While acknowledging the state Legislature's right to question the worth of incentive programs, Witt said highly publicized reports can create "a chilling effect on the industry."
"Just this morning, the governor had to get on the phone with the head of a very major production outfit in Los Angeles to assure it that New Mexico would continue to support it, or they were going to pull two big films," Witt said. "Companies are beginning to ask, 'Should we bring films there, much less relocate our entire company to the state?'
He predicted that within the next 18 months, only three to five states that have incentives will still be at it, and that the so-called arms race to offer the best incentives will come to a halt.
"New Mexico will be the premiere state of the West, if not the entire country," he said. "We're at the point of winning this competition. Film production has, for all intents and purposes, left California, and companies are looking for new homes."

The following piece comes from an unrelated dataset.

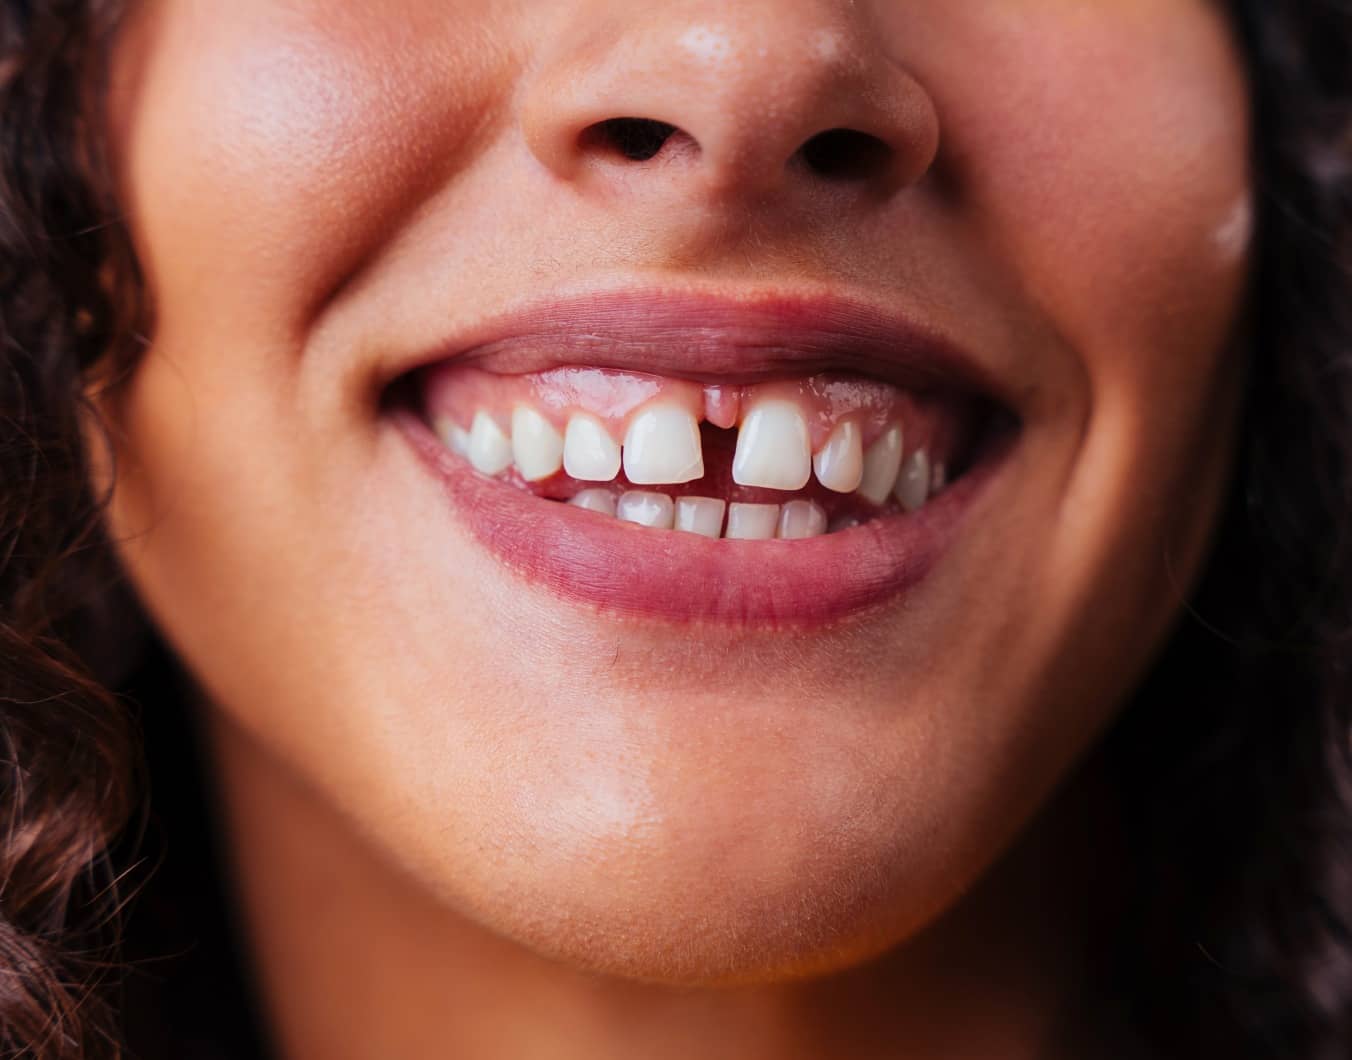 Les facettes dentaires : une solution pour corriger les dents du bonheur | Dr Temstet | Paris

Robyn acknowledged New Mexico is a pretty "unique location, and it's hard to say what fraction of movie production would continue to go on in absence of credits. There's a lot of things you can't get anywhere else but New Mexico."
Still, he said the competition between the states is nothing more than "a race to the bottom where states are giving away more and more money and the film industry has so much leverage it can say, 'If you don't give us another million dollars, we'll leave.' And you want to avoid that in any tax situation."
On Tuesday, The Albuquerque Journal reported that a New England-based study being used by anti-incentive New Mexican lawmakers suggests that taxpayers only get back 39 cents for every dollar spent on the film industry — which is a much different amount estimated by the Ernst and Young study of 2009, commissioned by the New Mexico State Film Office and State Investment Council. That report said, among other positive things, that New Mexico's film incentives created roughly $1.50 in net tax revenue for every dollar spent — and at least 2,200 direct jobs.
Jennifer Weiner, a policy analyst for The New England Public Policy Center, compared film incentive programs and studies for New Mexico, New York and Connecticut in an April 2009 memorandum. Speaking by phone Tuesday, she said she was asked to compile the report for Connecticut Voices for Children, a public-education advocacy group that was concerned about how much money and effort that state was putting into attracting film productions.
Her study was based on existing data about those states' film-incentive programs, and was not in any way politically motivated, she said.
Senate Bill 235, which would put a $2 million cap on production expenditures for individual film and television projects under the state incentives program, might still be heard inside the Roundhouse before the session ends. The bill was introduced by Senate Finance Committee Vice Chairman John Arthur Smith, D-Deming, who two years ago introduced a similar bill, which was tabled. In January the film industry survived a more drastic bill, introduced by Rep. Dennis J. Kintigh, R-Roswell, that would have removed all film incentives.